◆ Goal of the exercise:
With the pictures left out, return exactly the lines from the one containing "37Reference Manual 00809-0100-4026, Rev" through the end of the listing below.

◆ Available data:
◆ ◆ ◆ ◆

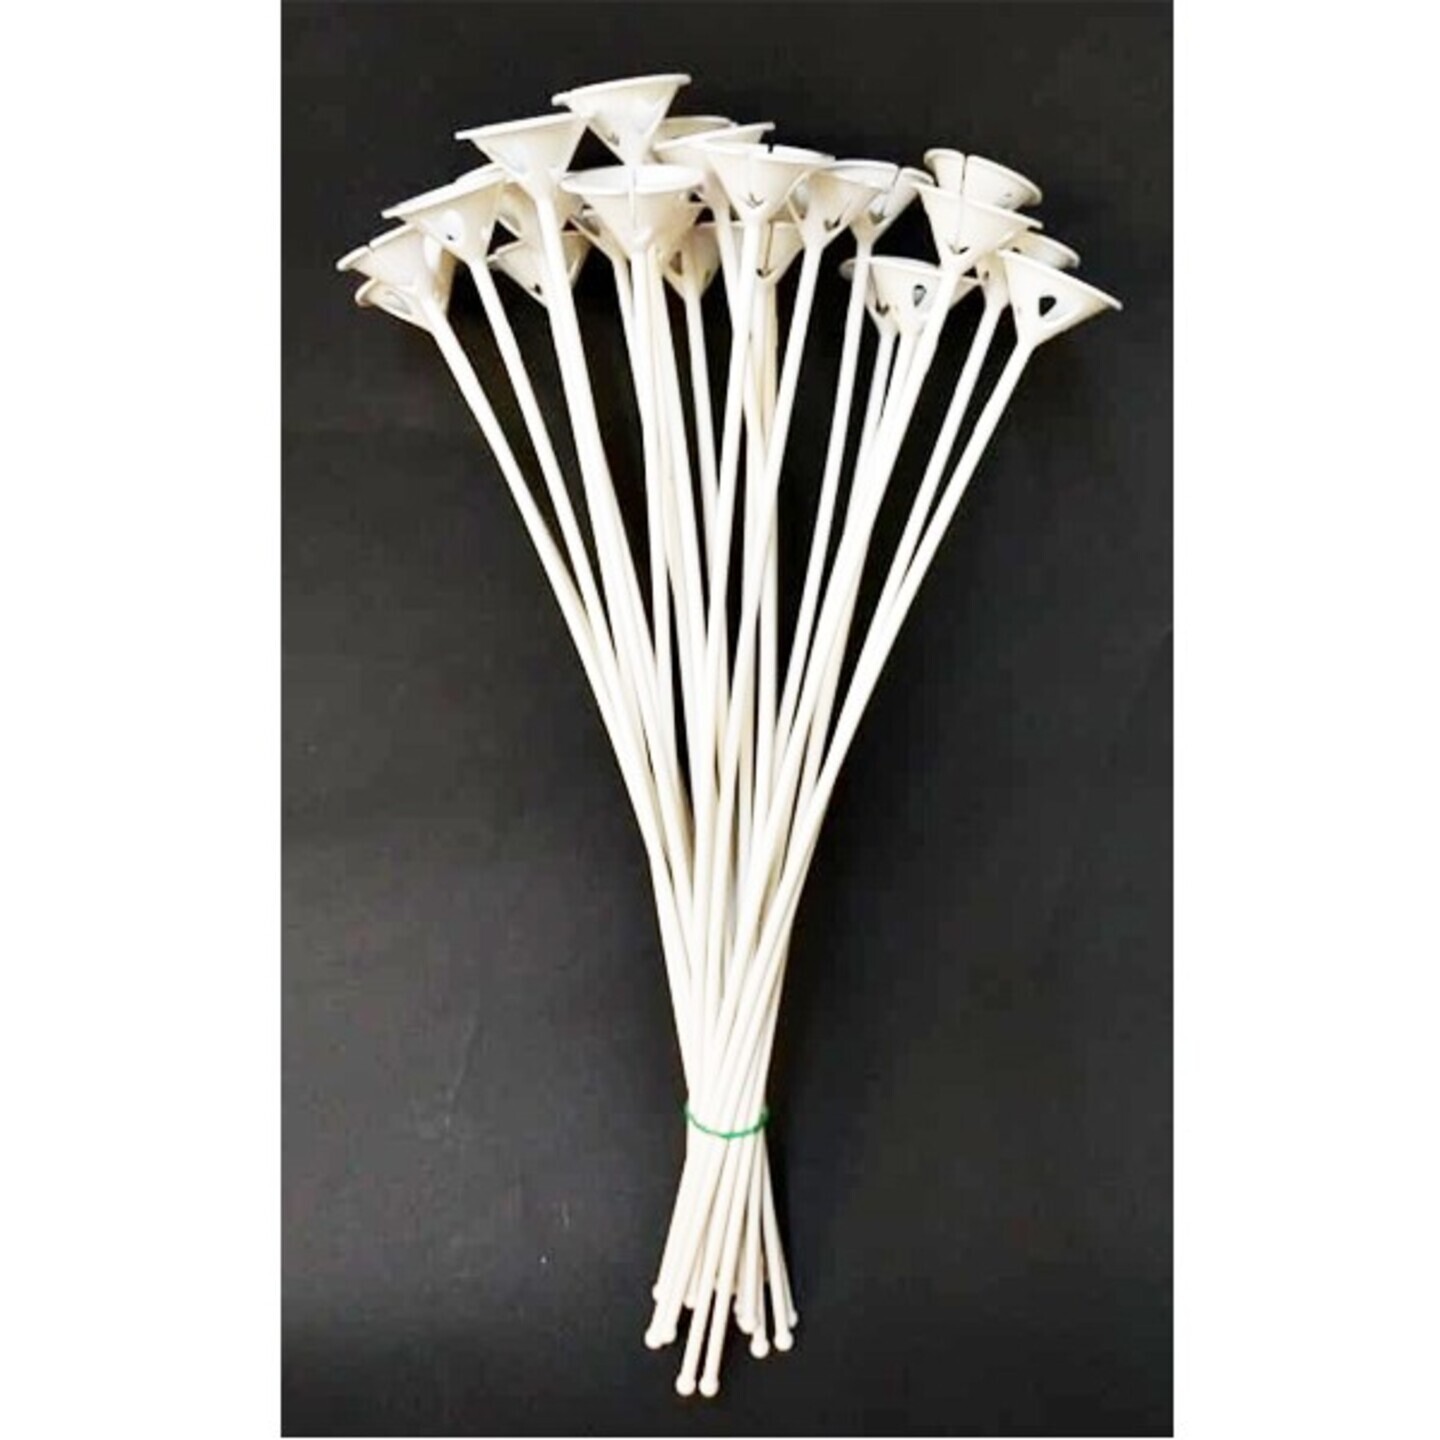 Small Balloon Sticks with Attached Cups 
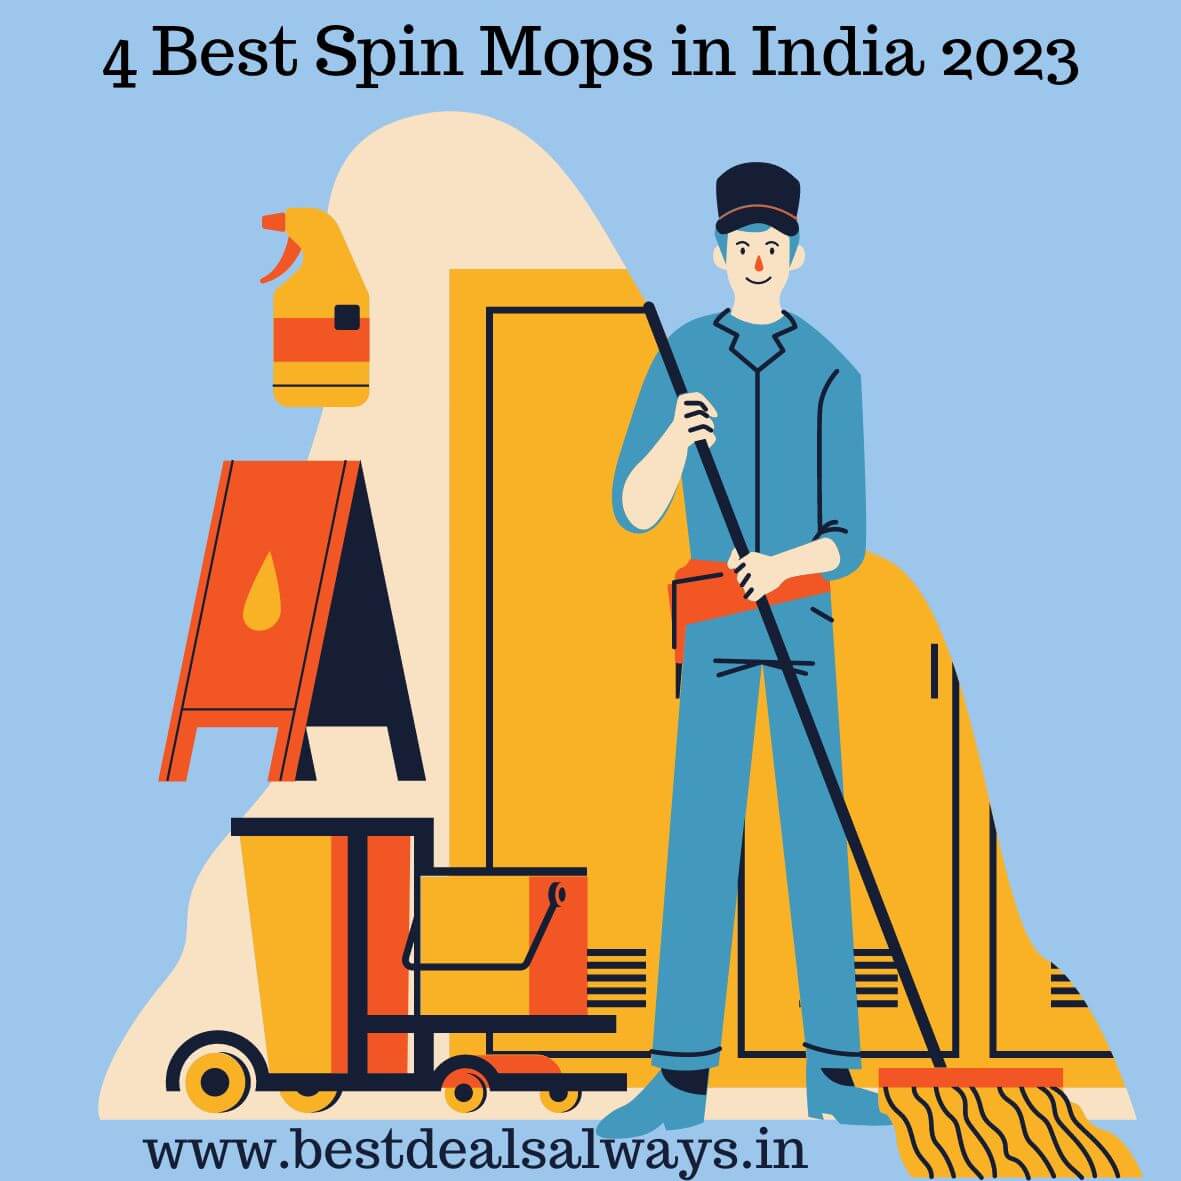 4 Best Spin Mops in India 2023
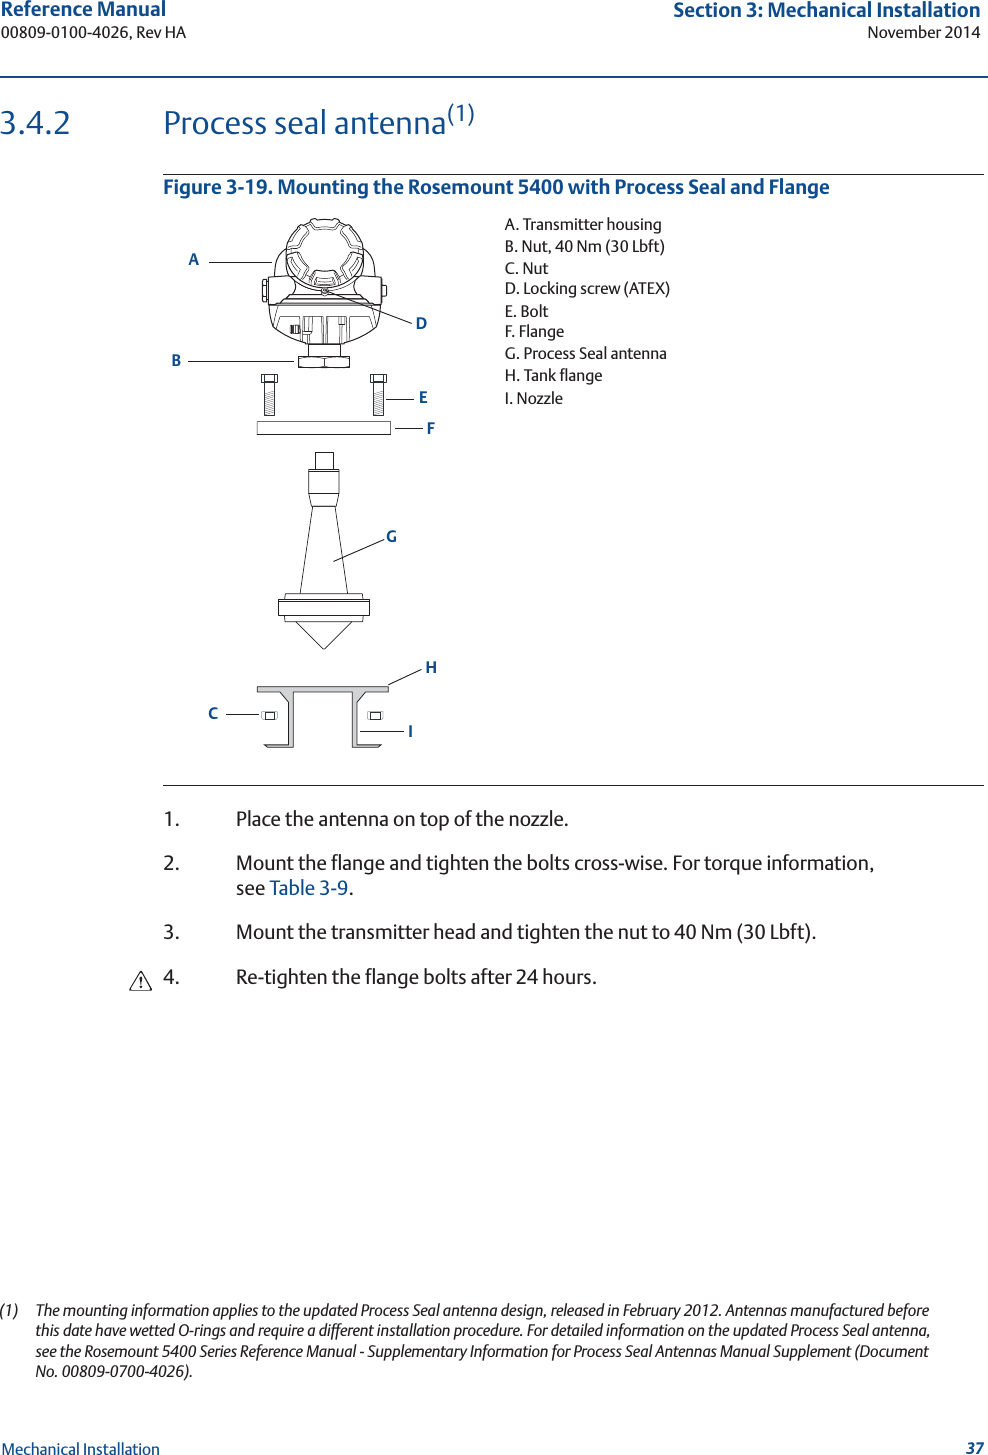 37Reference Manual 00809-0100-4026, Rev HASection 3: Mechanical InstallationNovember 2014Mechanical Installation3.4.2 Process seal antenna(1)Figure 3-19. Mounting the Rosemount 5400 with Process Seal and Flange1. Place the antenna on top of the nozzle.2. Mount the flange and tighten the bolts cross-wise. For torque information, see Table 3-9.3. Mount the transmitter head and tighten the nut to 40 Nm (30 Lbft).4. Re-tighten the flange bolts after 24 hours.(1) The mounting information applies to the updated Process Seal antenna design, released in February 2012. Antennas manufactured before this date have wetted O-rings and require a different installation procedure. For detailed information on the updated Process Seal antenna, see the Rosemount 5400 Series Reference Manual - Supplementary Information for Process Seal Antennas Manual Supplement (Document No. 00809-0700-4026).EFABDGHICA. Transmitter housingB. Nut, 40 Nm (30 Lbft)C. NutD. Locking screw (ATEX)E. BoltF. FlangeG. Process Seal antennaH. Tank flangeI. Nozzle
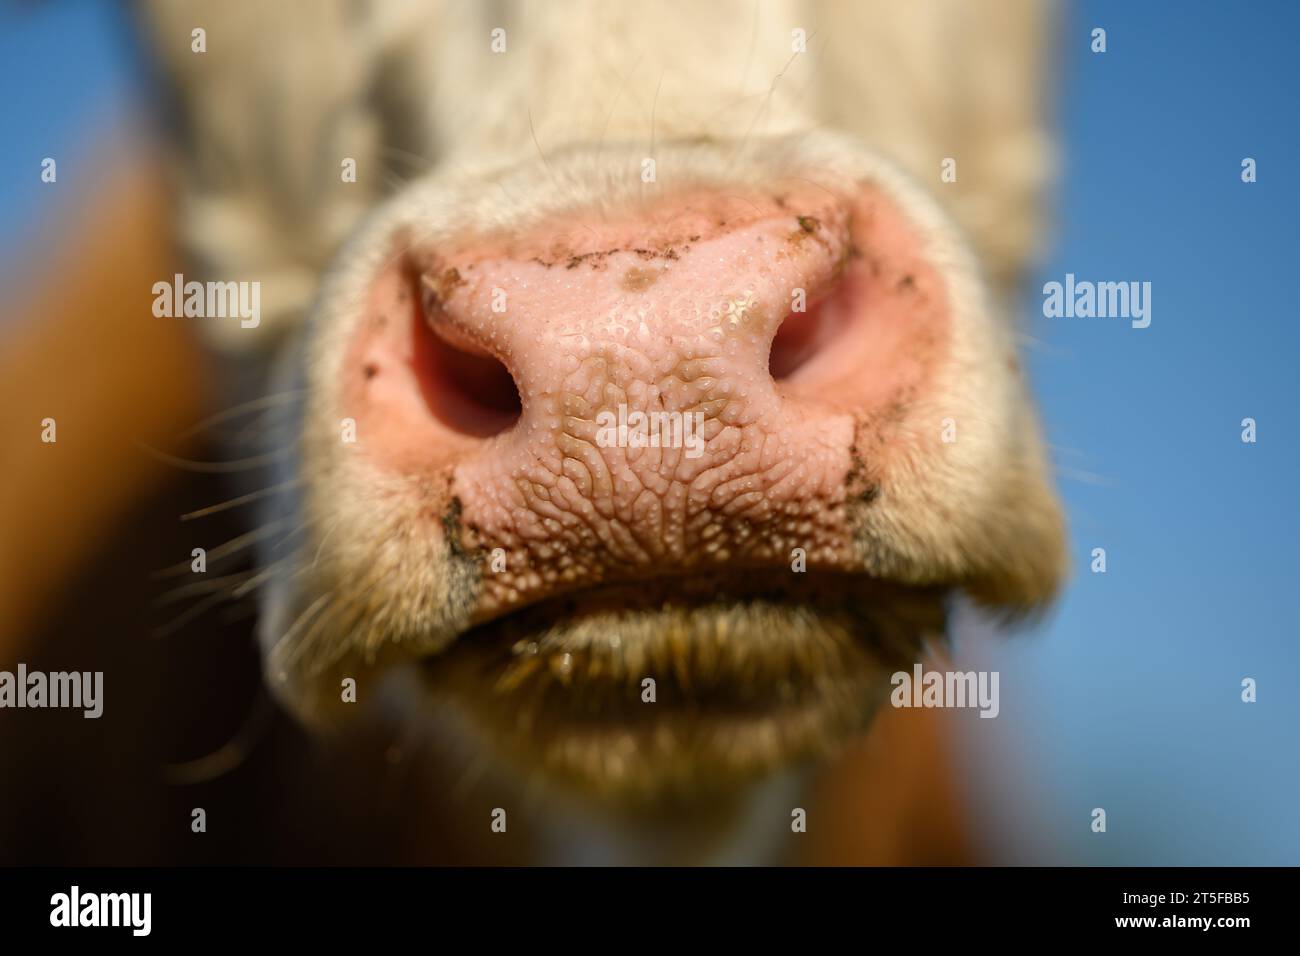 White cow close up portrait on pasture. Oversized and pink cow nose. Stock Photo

◆ ◆ ◆ ◆

◆ Final answer:
 37Reference Manual 00809-0100-4026, Rev HASection 3: Mechanical InstallationNovember 2014Mechanical Installation3.4.2 Process seal antenna(1)Figure 3-19. Mounting the Rosemount 5400 with Process Seal and Flange1. Place the antenna on top of the nozzle.2. Mount the flange and tighten the bolts cross-wise. For torque information, see Table 3-9.3. Mount the transmitter head and tighten the nut to 40 Nm (30 Lbft).4. Re-tighten the flange bolts after 24 hours.(1) The mounting information applies to the updated Process Seal antenna design, released in February 2012. Antennas manufactured before this date have wetted O-rings and require a different installation procedure. For detailed information on the updated Process Seal antenna, see the Rosemount 5400 Series Reference Manual - Supplementary Information for Process Seal Antennas Manual Supplement (Document No. 00809-0700-4026).EFABDGHICA. Transmitter housingB. Nut, 40 Nm (30 Lbft)C. NutD. Locking screw (ATEX)E. BoltF. FlangeG. Process Seal antennaH. Tank flangeI. Nozzle
 White cow close up portrait on pasture. Oversized and pink cow nose. Stock Photo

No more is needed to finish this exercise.